Впрочем, на сырость ворчали только зажиточные, а бедняки, количество которых неимоверно возрастало с каждой новой палочкой, прибавлявшейся к имени Людовиков, вступавших на трон, только радовались. Все равно в тех ужасающих подвалах, куда загоняла их нужда, всегда было сыро, но зато отсутствие морозов избавляло их от забот доставать топливо. Хоть тепло было — и то слава Богу!
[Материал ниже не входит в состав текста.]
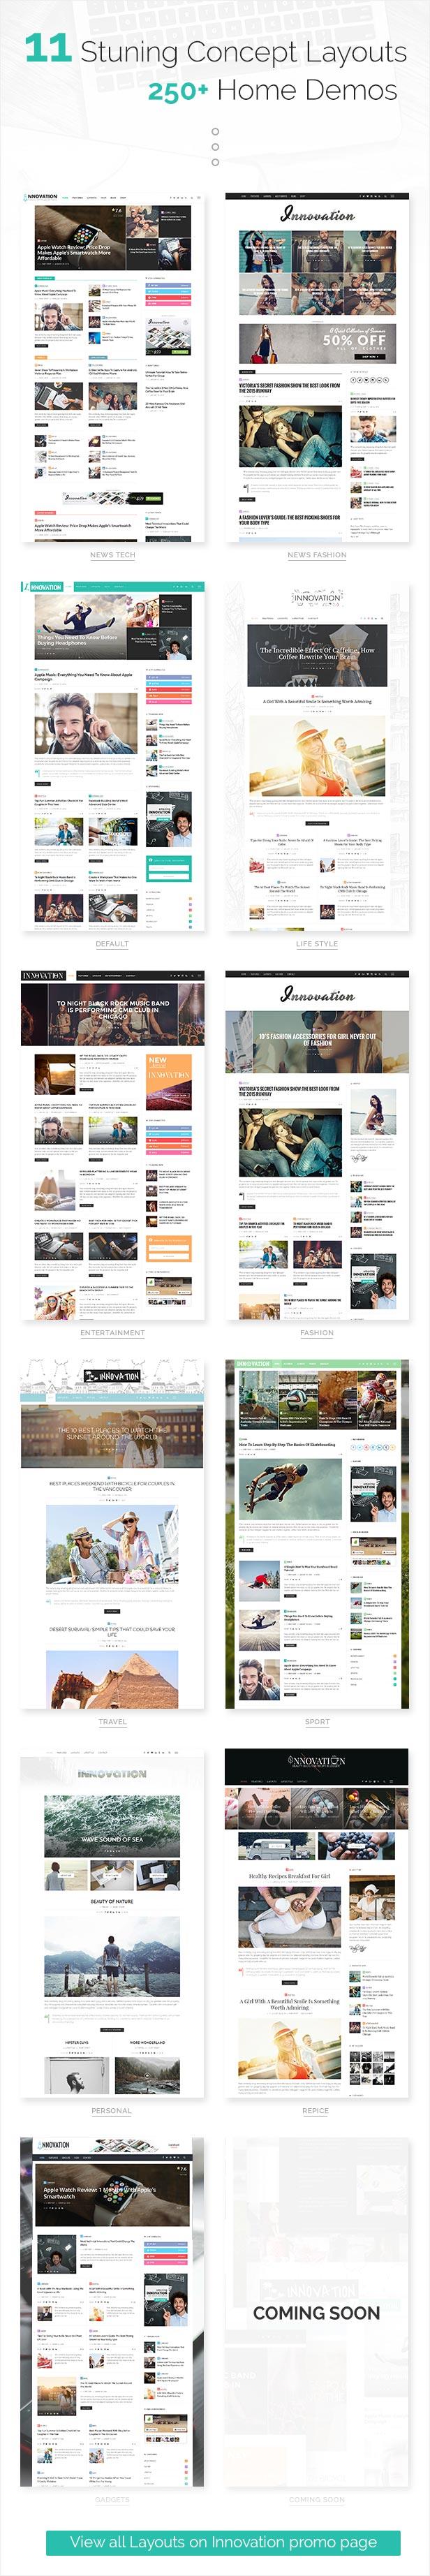 Innovation: Multi-Concept News, Magazine & Blog Theme - 4

В январе выпал снежок, который пролежал целых три дня. Думали уже, что установится запоздалая зима. Но в одно действительно прекрасное утро парижане, проснувшись, увидели безмятежно-голубое небо и дивное, яркое, теплое солнце, спешившее теперь с лихорадочной энергией наверстать то время бездеятельности, которое пришлось ему провести за густым пологом серых зимних туч. Снег быстро стаял, земля обсохла. Налетели веселые пташки, деятельно занялись витьем гнезд, и к началу карнавала творческая работа весны была уже в полном разгаре. Из-под земли гордо высунулись молодые, сочные ростки, жадно тянувшиеся к материнским ласкам солнца, высыпали скромные хрупкие анемоны. Почки деревьев надулись, набухли и в одну из теплых весенних ночей лопнули, развернувшись ярко-зеленым ажуром юных листочков.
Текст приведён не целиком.